In a fairly predictable development, Stephen Thaler has asked the Federal Court of Australia to review the Patent Office’s finding in February that a patent application cannot be validly filed in this country naming a machine as inventor. The ‘Application for Judicial Review’ was filed on 9 March 2021 in the Victorian Division of the court, and has been assigned number VID108/2021. Having been represented by Davies Collison Cave (DCC) in the patent application filed at the Patent Office, Thaler is represented in the Federal Court proceeding by Allens. The reasons for this change are unclear – DCC incorporates a legal practice as well as its patent and trade marks attorney practice, and could presumably have handled the Federal Court application.
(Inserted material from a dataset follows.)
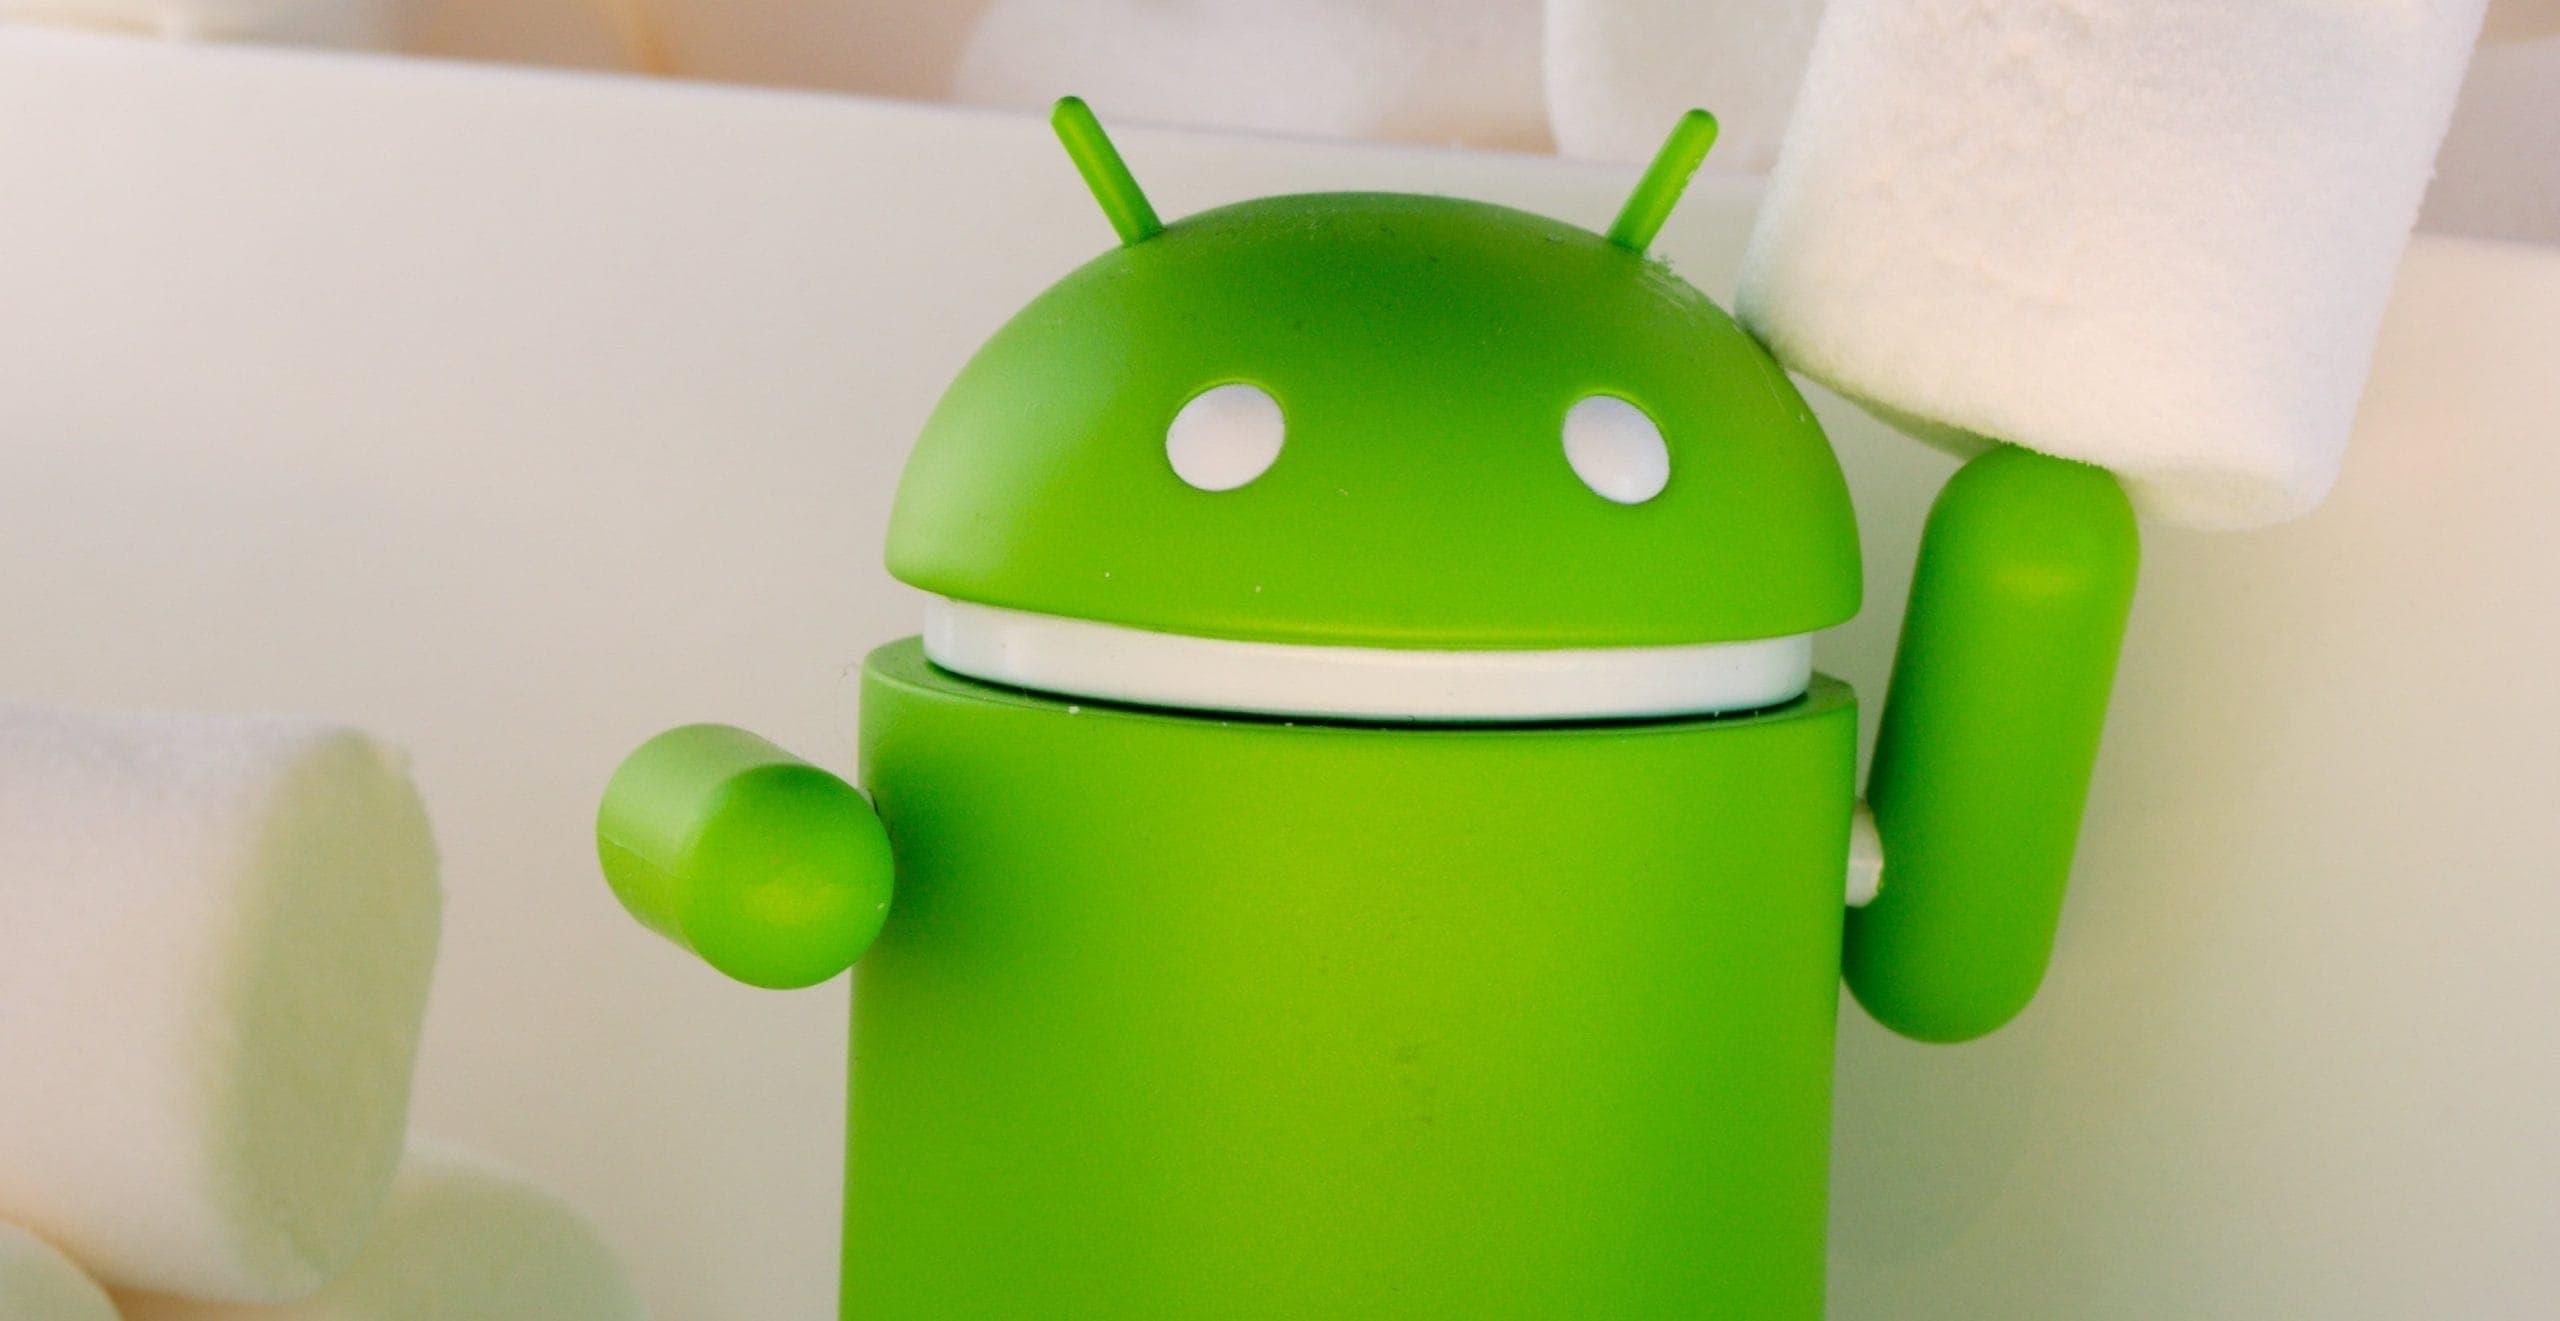 Besten Android-Security-Apps

However, it is not unusual for applicants to switch representatives when moving from the Patent Office to the courts, either from necessity, or due to a perception that different firms have particular strengths in different areas of practice.
While the case may be casually characterised as an ‘appeal’ against the Patent Office decision, it is not technically an appeal under the Patents Act 1990. The Act, and the Patents Regulations 1991, expressly set out the various decisions that are appealable to the Federal Court, and the lapsing of an application for failing to identify a valid inventor is not such a decision. Instead, the application for review is made under the Administrative Decisions (Judicial Review) Act 1977 (ADJR Act), which provides more generally for review of administrative decisions by the Federal Court.
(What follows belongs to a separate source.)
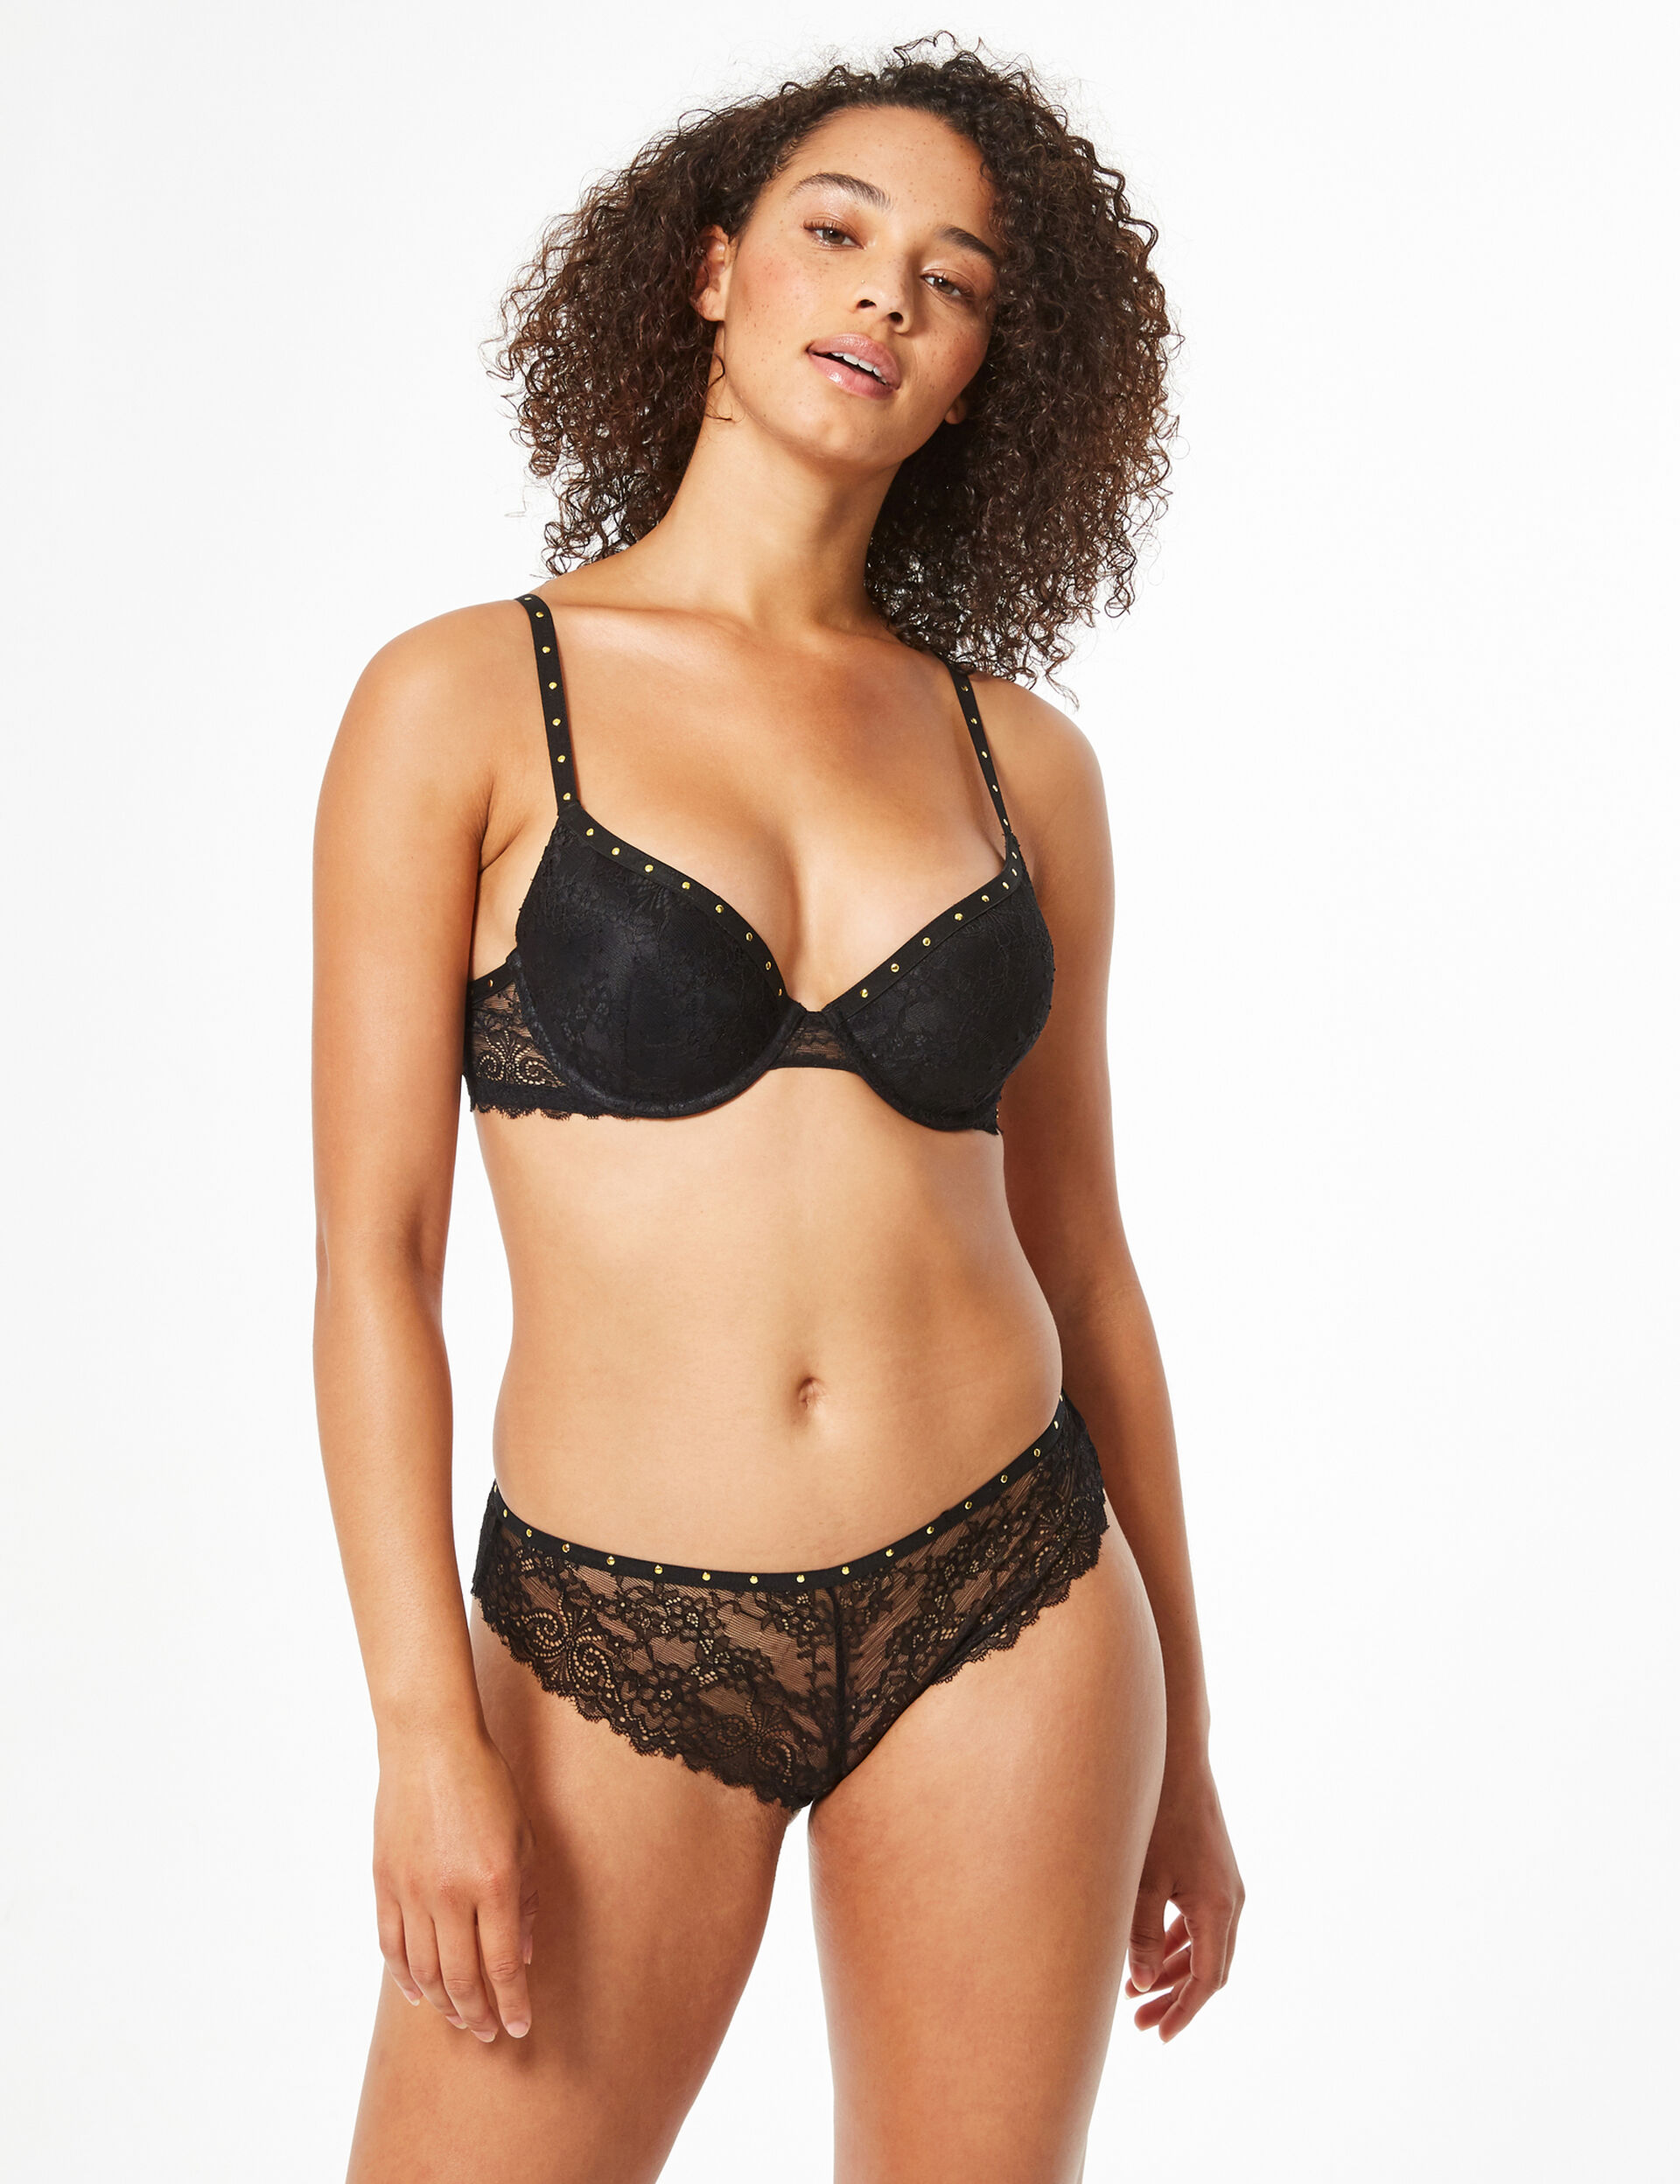 Push-up lace bra with rhinestones

To be precise, what has happened in this case is that the patent application was filed in Australia as the national phase of PCT application no. PCT/IB2019/057809. Regulation 3.2C(2)(aa) requires the applicant to ‘provide the name of the inventor of the invention to which the application relates’. The inventor has been identified as ‘DABUS, The invention was autonomously generated by an artificial intelligence’. The Patent Office has found that a machine cannot be treated as an inventor, and that the applicant has failed to meet the requirements of Regulation 3.2C, after being directed to do so as required by Regulation 3.2C(4). Failure to comply with this direction within two months means that the application lapses under Regulation 3.2C(5).
There is, it should be noted, absolutely nothing in the Patents Act 1990 that specifically authorises the Commissioner to ‘refuse’ an application on the basis of the alleged nature of the inventor. It was only through a process of statutory construction that the Commissioner’s Delegate determined that the word ‘inventor‘ appearing in Regulation 3.2C(2)(aa) does not include a machine. This is not an active rejection of the application. Rather, it leads to lapsing of the application because the formalities requirements of Regulation 3.2C have not been satisfied.
What Thaler will be seeking from the Federal Court, therefore, is a determination that the Patent Office was wrong to find that an artificial intelligence machine cannot be named as an inventor, that the application accordingly does meet the requirements of Regulation 3.2C(2)(aa), and that it did not, in fact, lapse for failing to comply with the formalities direction.
I believe that the Patent Office was absolutely correct in its decision, which is consistent with corresponding findings of the European Patent Office, the UK Intellectual Property Office, the England and Wales High Court, and the USPTO. I am confident that the Federal Court will agree.
The case has been assigned to Justice Beach, and is set down for hearing – which may take place either in-person in Melbourne, or via web conference – on Friday, 2 July 2021.